One of the main business of the bank is to provide Credit Card facility for the clients. However, Credit Card Fraud Cases does not seems to decrease along with the evolving of technologies these years. It has caused significant losses and negative impact to the clients as well as the bank. For clients, not every credit card fraud transactions have been realized on time or there are clients who do not aware of the fraud transactions occurred as the amount of the fraud transactions are too little to be realized. Hence these group of clients may not raise the discrepancies on time for the bank the to investigate and reimburse the losses. Most of the time if the bank's investigation outcome is a fraud transaction, the bank has to reimburse the clients and it causes the bank suffer losses. On top of that, clients may also lose confident on the bank's products and it will further causes the reputational loses to the bank.
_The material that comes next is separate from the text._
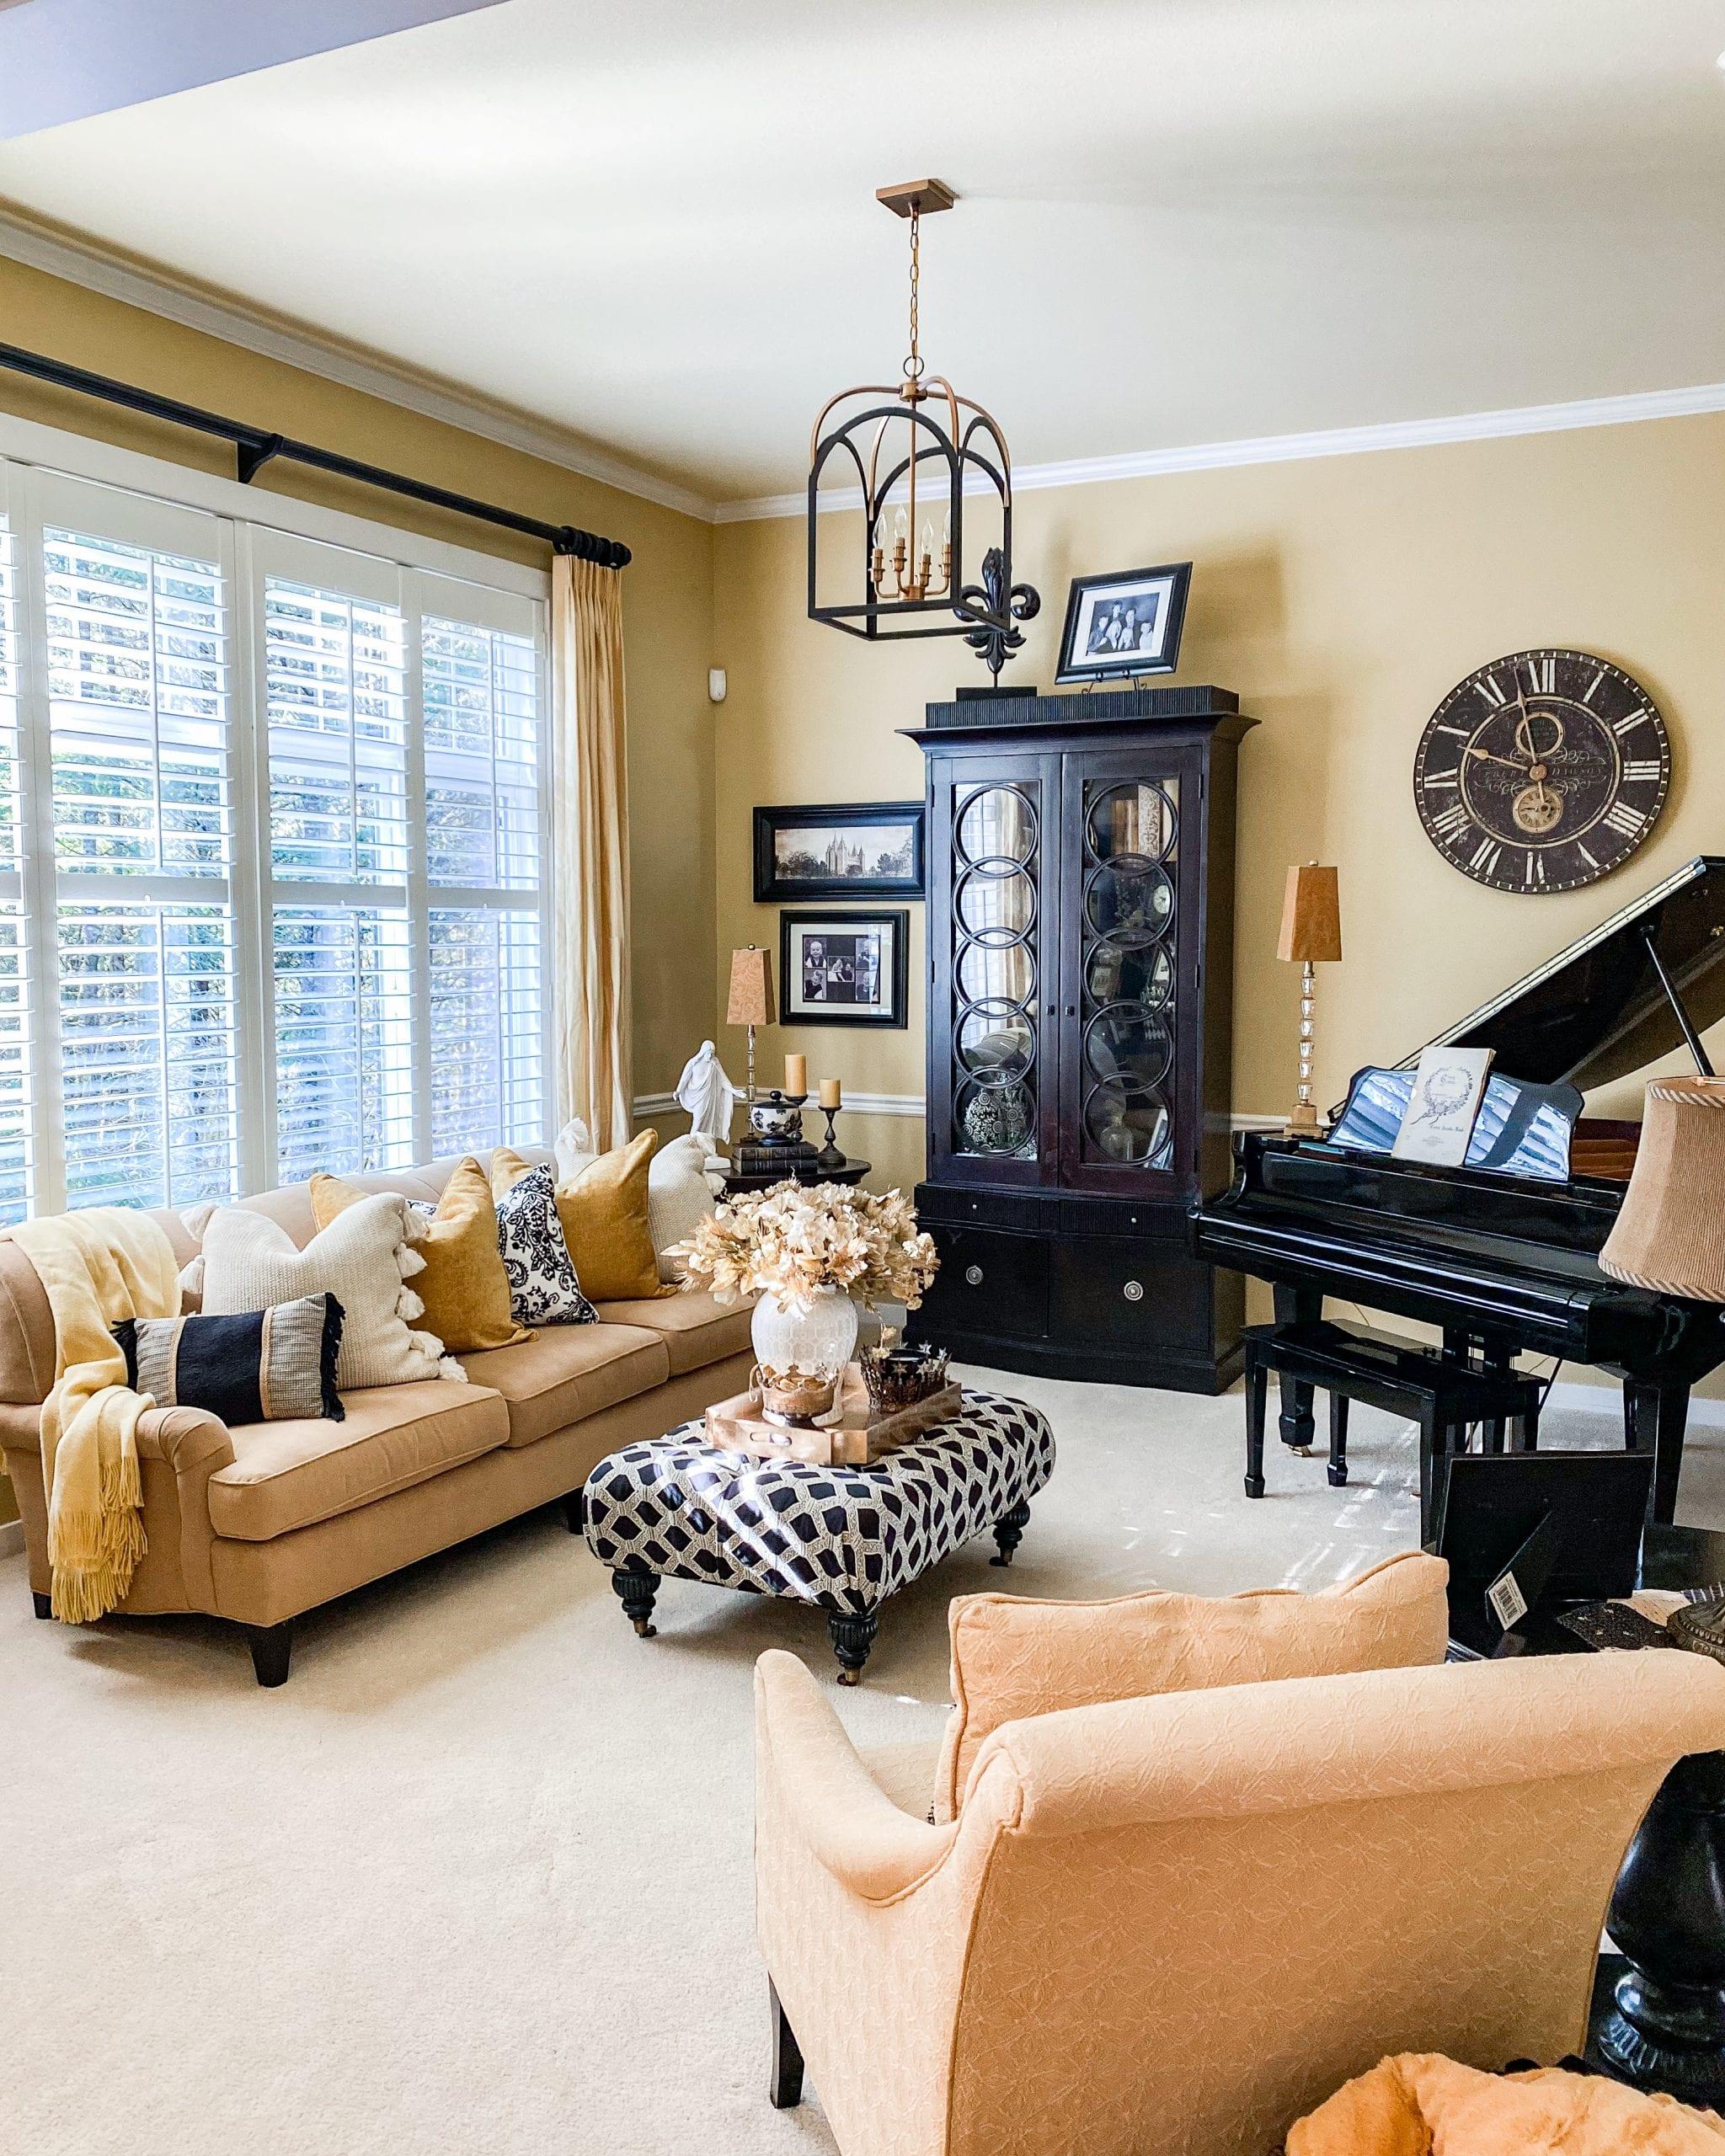 living room pendant lighting, Updating Lights In Your Home

With above, Risk and Compliance department has approached me who is a data scientist of the bank to build an effective __Fraud Detection Model__ which able to classify the fraud transactions accurately. I have been provided with 1.3m of training datasets and 550k testing datasets with transactions from duration 1st Jan 2019 - 31st Dec 2020. It covers credit cards of 1000 customers doing transactions with a pool of 800 merchants. I will also need to __identify the top predictors and features__ that used to detect the credit card fraud transactions.

By having the fraud detection model, the team will be able to identify the fraud transaction right immediately when it being detected. It will reduce the bank's losses incurred in credit card fraud transaction, gain the reputation on non-compromise security risk and clients will not be the victims of the fraud transactions.

I decided to build the fraud detection classification model by exploring the classification algorithms, for example `LogisticRegression`, `GaussianNaiveBayes`,`RandomForestClassifier`, `LGBMClassifier`, `XGBClassifier` and `CatBoostClassifier`. I will also conduct the __*Recency, Frequency, Monetary Value (RFM) Analysis for customer segmentation*__ and __*build a Tableau Dashboard to visualize the predicted outcome from test dataset*__. 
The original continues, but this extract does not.